Sistema de gestão, plataforma de comunicação corporativa, registro de acesso a rede e aplicativo de rota produzem, sem intenção, evidência sobre horário de trabalho. Esse material aparece nos processos e pode confirmar ou contradizer a versão da empresa. Saber o que existe é parte do levantamento inicial, e não uma descoberta para a fase de instrução.

O ajuste que vale fazer com o contrato em curso

Quando o diagnóstico mostra descompasso entre enquadramento e rotina, corrigir a rotina ou o enquadramento durante o contrato costuma custar menos do que sustentar em juízo uma situação que a prática contradiz. É trabalho de conformidade, e ele alcança o conjunto dos contratos, não apenas o que virou discussão.

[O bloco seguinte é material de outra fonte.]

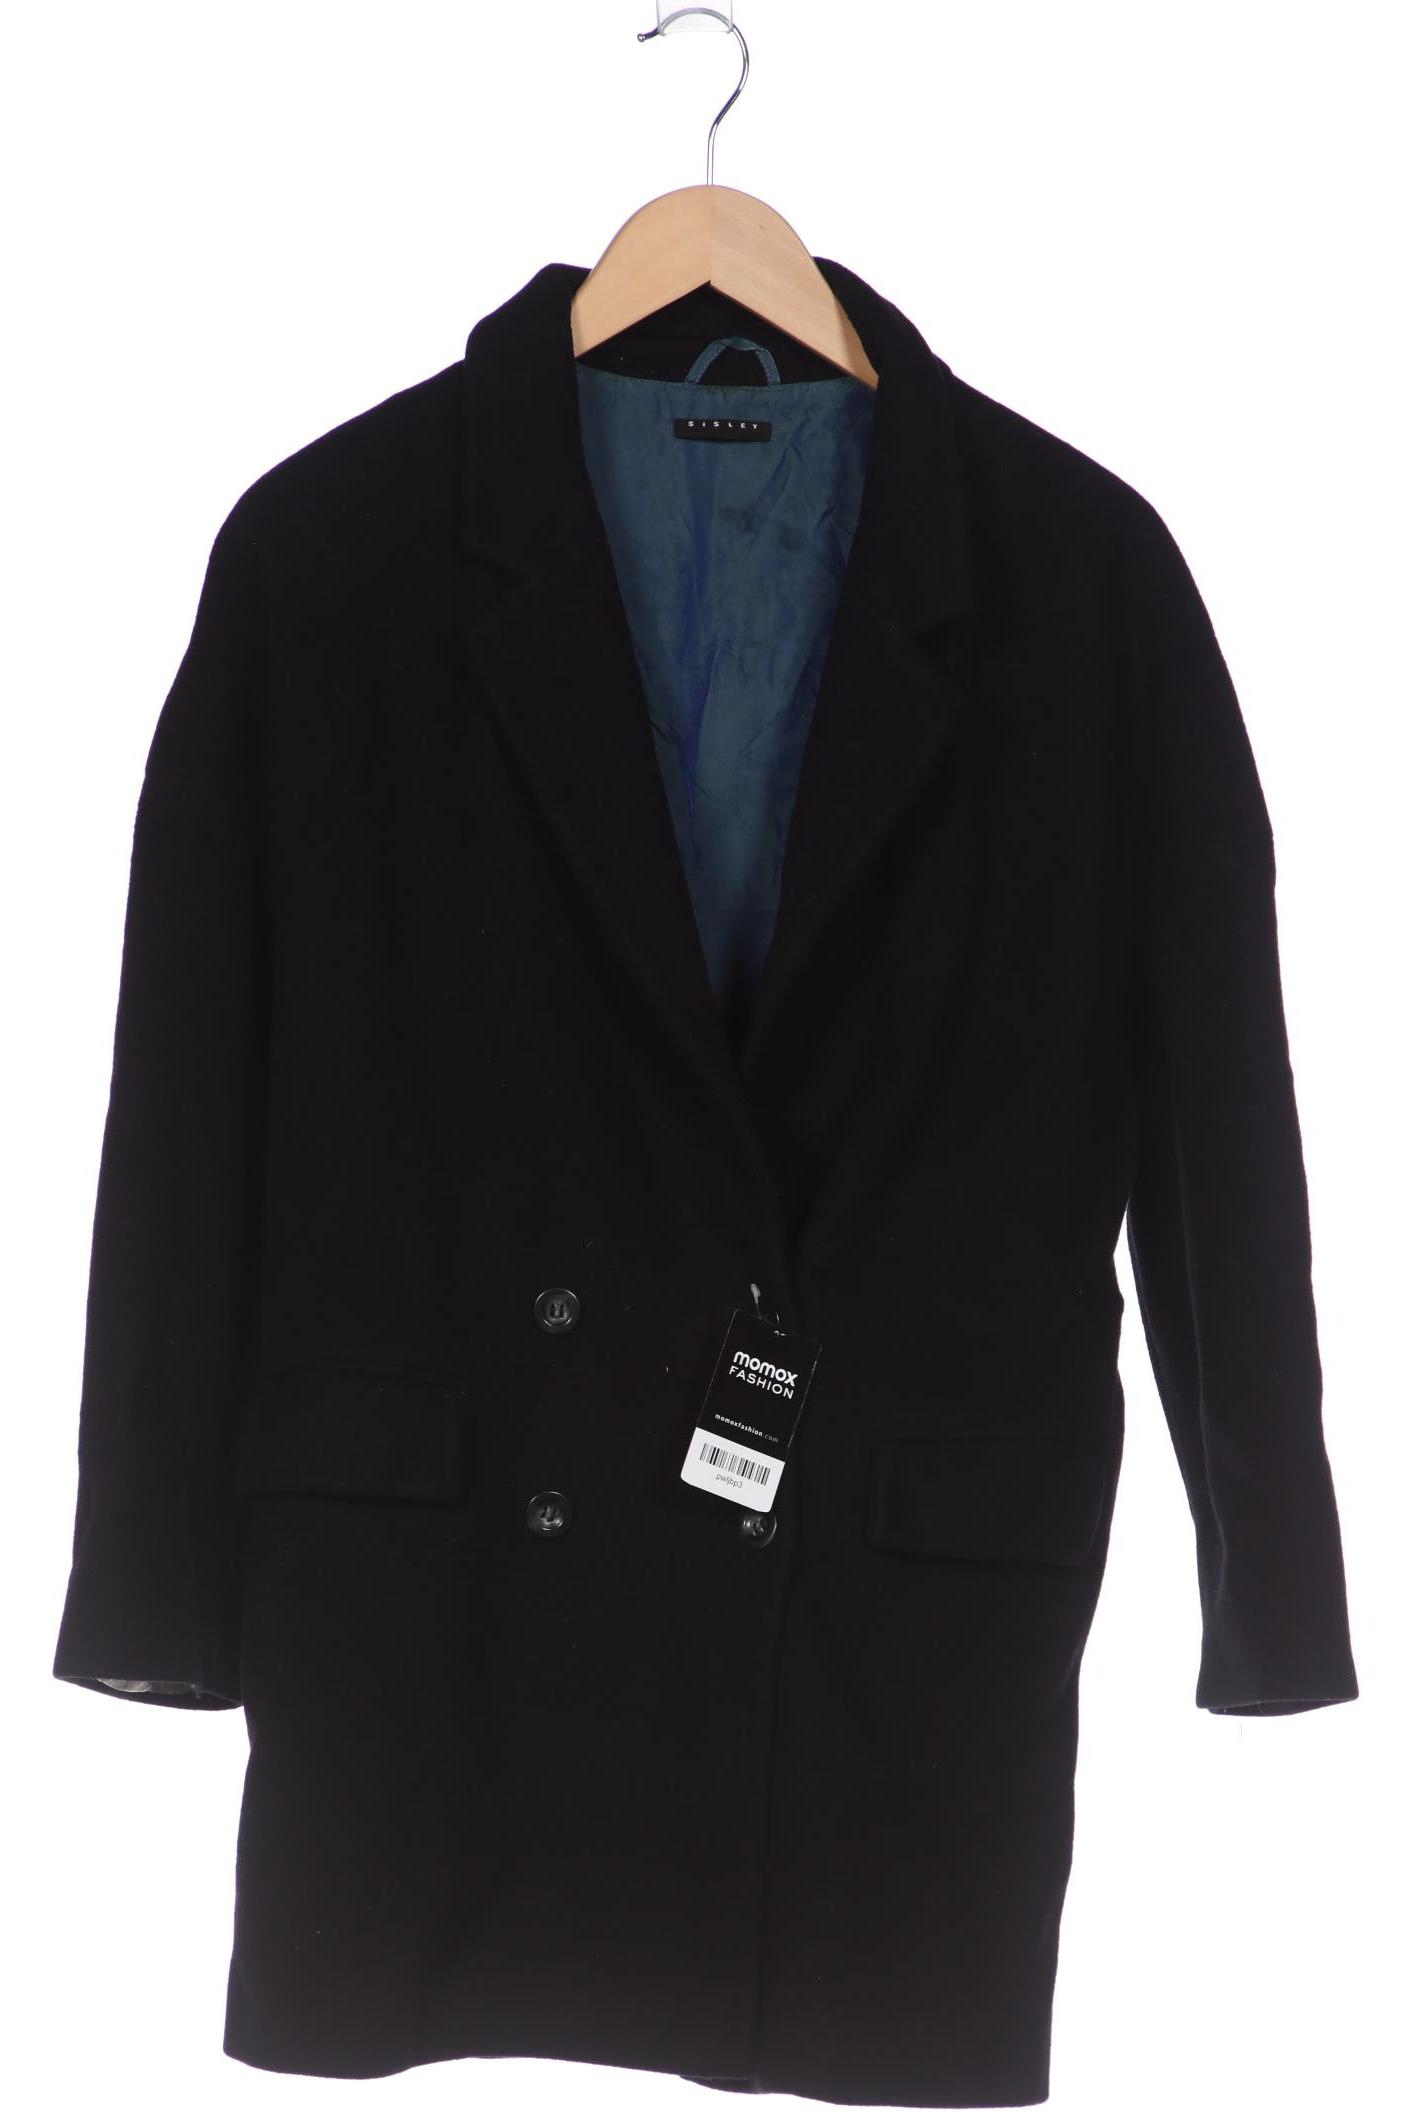 Sisley Damen Mantel, schwarz, Gr. 34 von Sisley
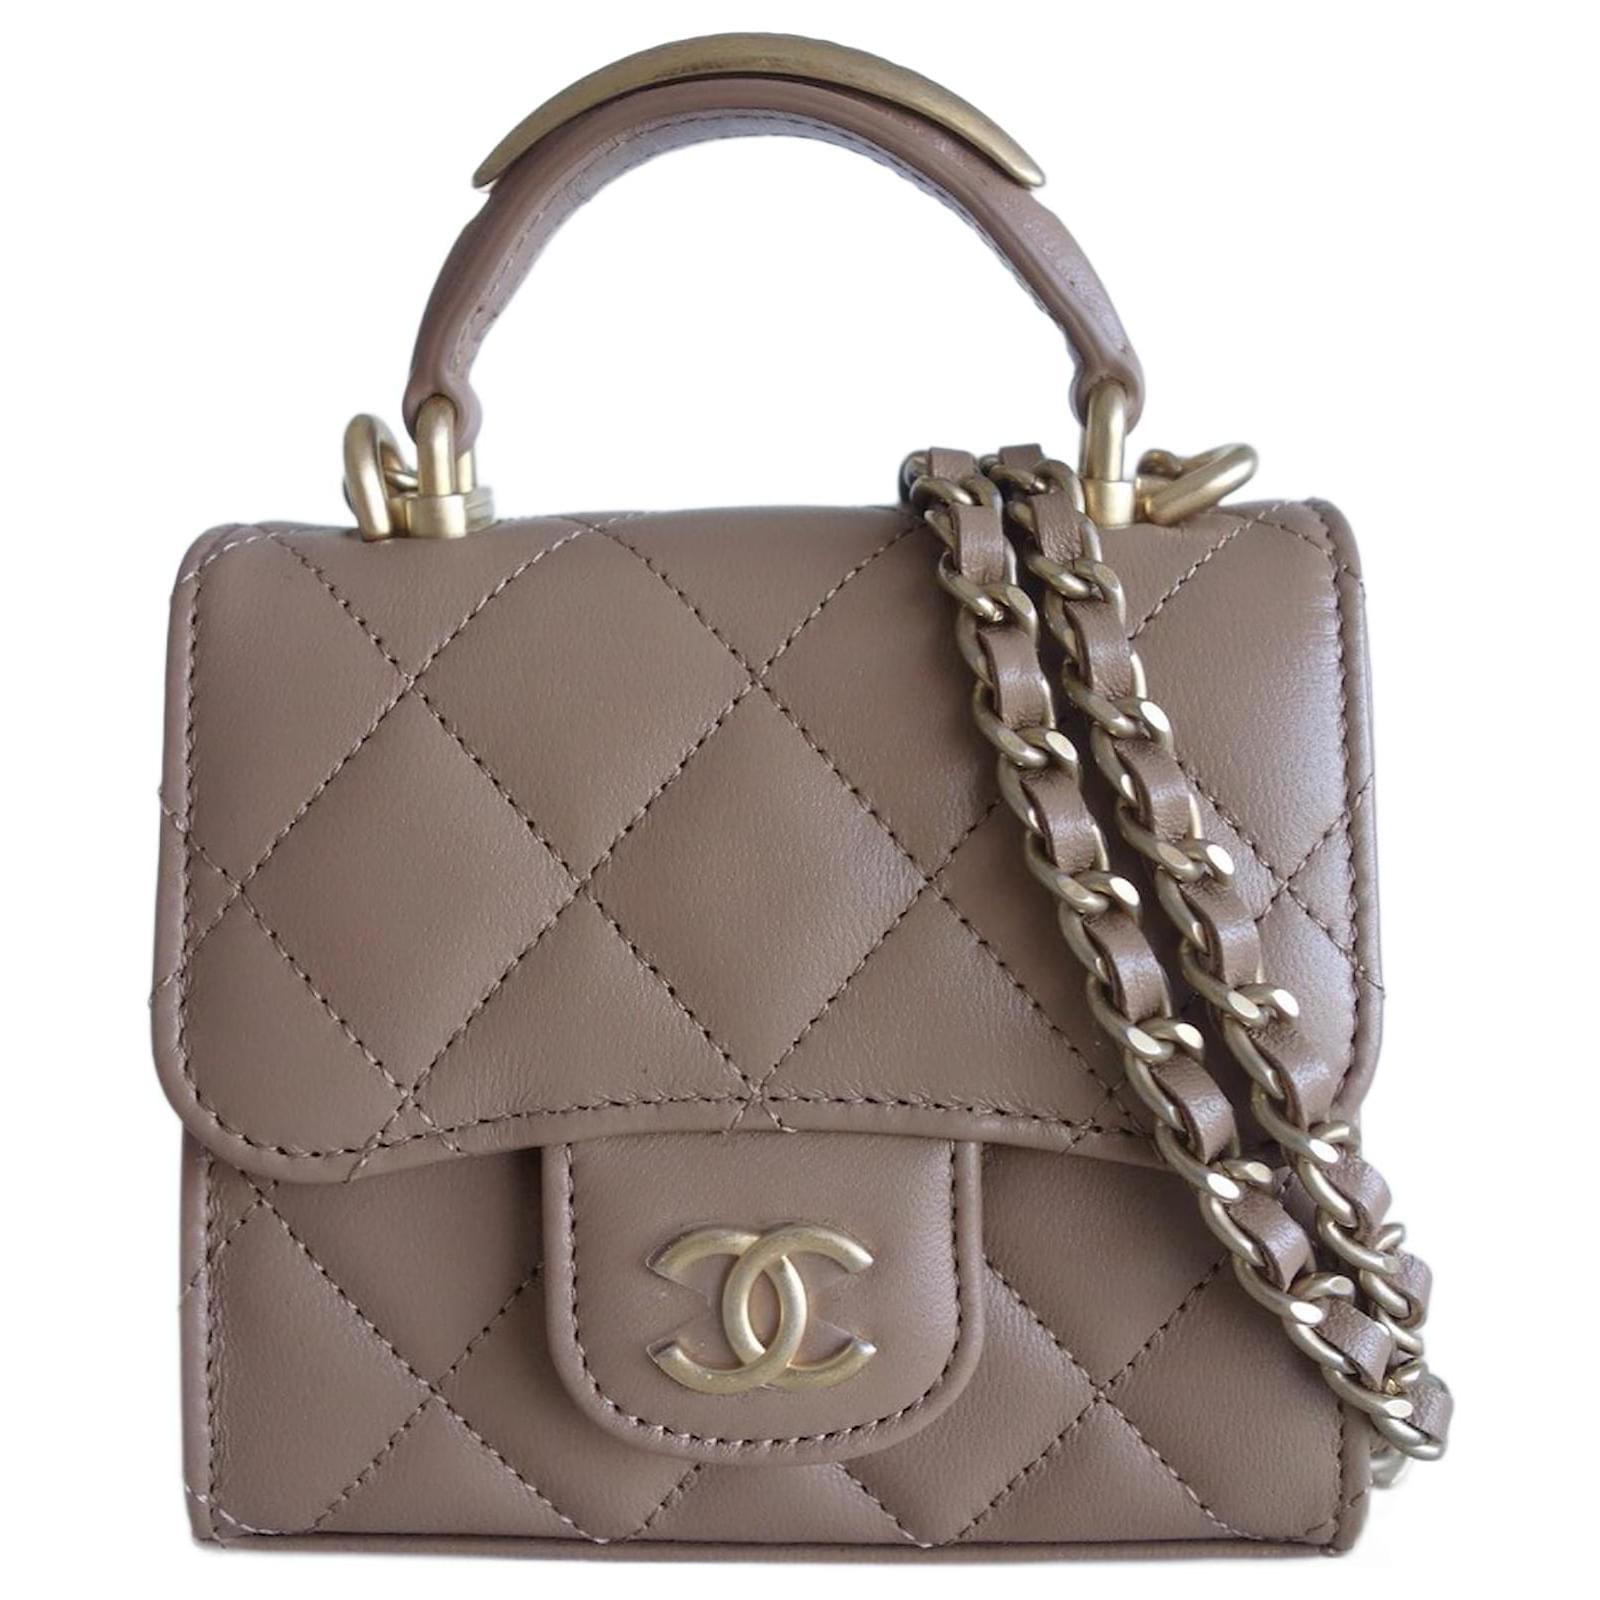 Handbags Chanel Beige Classic Chanel Mini Bag

O recorte de onde vêm as discussões

O escritório funciona na Avenida José Giorgi, 1181, conjunto 12, na Granja Viana II, em Cotia, e atende empresas de Cotia, Carapicuíba, Barueri, Osasco, Jandira, Itapevi e Embu das Artes. São sete anos de atuação na região, sempre pelo lado da empresa. Discussões de jornada chegam de perfis variados, e o levantamento inicial é o que separa o que é típico do que é específico daquele contrato.

Onde essas ações tramitam

Cotia fica na Região Metropolitana de São Paulo, que ficou fora da jurisdição do Tribunal Regional do Trabalho da 15ª Região e permaneceu na 2ª Região. O TRT da 2ª Região mantém um Fórum Trabalhista de Cotia e informa que, dos 46 municípios abrangidos pela sua jurisdição, 34 dispõem de fóruns trabalhistas. A descrição é da geografia institucional, e não do processo de nenhuma empresa em particular.

O que é levantado antes de escrever a peça

  • Todo o período discutido no controle de jornada, e não apenas os meses citados na inicial
  • A norma coletiva aplicável em cada ano do contrato, que pode ter mudado no meio
  • O histórico do sistema de ponto, incluindo migração de fornecedor e período sem registro
  • O cruzamento entre jornada registrada e o que os holerites mostram de pagamento
  • A rotina real da função, para conferir se o enquadramento corresponde ao que era feito

Por que o levantamento antecede a tese

A linha de defesa muda conforme o que o registro mostra. Com controle íntegro do período todo, a defesa se apoia no próprio documento. Com lacuna, ela precisa se apoiar em prova indireta e em contexto, o que é um trabalho diferente. Definir a tese antes de olhar o material leva a afirmar em juízo o que a empresa não consegue demonstrar.

Atendimento fora do raio presencial

Para empresas fora das cidades acima, a consultoria, a análise do processo e o acompanhamento são feitos a distância, com atendimento online em todo o Estado de São Paulo. Atos que exijam presença seguem a designação do juízo em que o processo tramita, e são combinados caso a caso.